Coloque em 80% de fenol por até 60 minutos. Examinar ao microscópio óptico para verificar a clareação de estruturas mais pequenas para examinar os actos do culex. Corte-o e coloque-o sobre a quantidade de lactofenol.

Em uma lâmina de microscópio. Use uma lamínula para esmagar o culex para permitir a medição e contagem dos ganchos estelares rosa. Corte a extremidade anterior e monte em Foss em um microscópio.

Deslize sob algumas gotas de lact fenol ou em uma geléia de glicerina para montagem permanente. Observe as partes da boca sob um microscópio de luz. Depois de cortar as caudas de grandes nematóides e montar em lactofenol, observe o paoli ventral e a morfologia do caule dos machos sob um microscópio óptico usando os métodos descritos neste vídeo.

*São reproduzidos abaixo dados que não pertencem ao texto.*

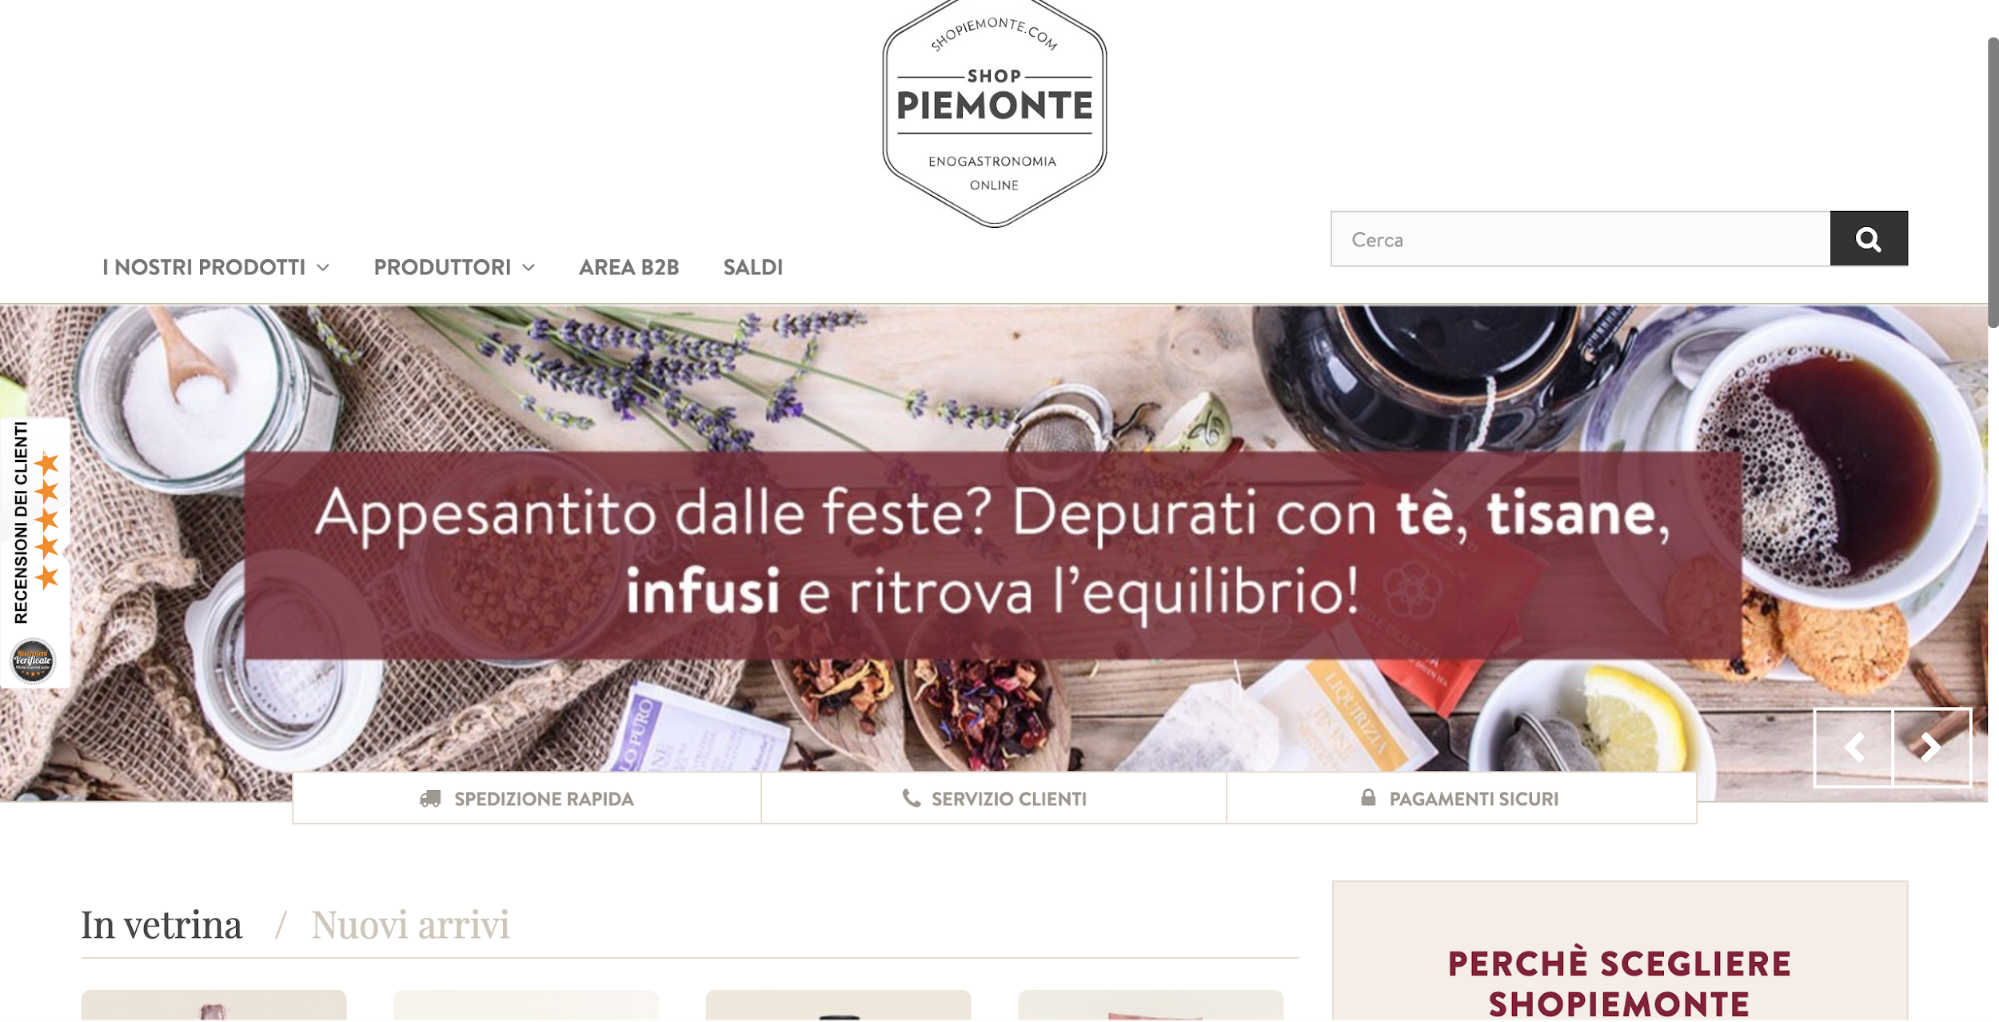 Shop Piemonte

Uma pesquisa dos capacetes dos cenários do susaranho da máscara foi realizada no condado de Missoula, Montana. Entre 2007 e 2011. Um total de 56 musaranhos foram coletados de armadilhas de queda e examinados dentro de duas horas após a morte.

A prevalência geral de infecção foi de 96%Apenas dois musaranhos estavam livres de parasitas. 15 espécies de capacetes foram identificadas, incluindo nove espécies de estos e seis espécies de nematóides. Uma espécie do gênero Esto staphylo authorities não foi descrita anteriormente.

Os órgãos encontrados infectados incluíram intestino delgado, estômago, pulmões e bexiga urinária. As intensidades totais de infecção variaram de sete a 234 vermes por hospedeiro infectado, a riqueza ou o número de espécies de capacete por hospedeiro infectado variou de um a oito, com uma média de 4,1 Uma vez dominado. Essa técnica pode ser feita em um a dois Rs em um pequeno mamífero como um esquilo e quatro a cinco Rs em um mamífero maior como um guaxinim.

Depois de assistir a este vídeo, você deve ter uma boa compreensão de como coletar, preservar e identificar capacetes da vida selvagem.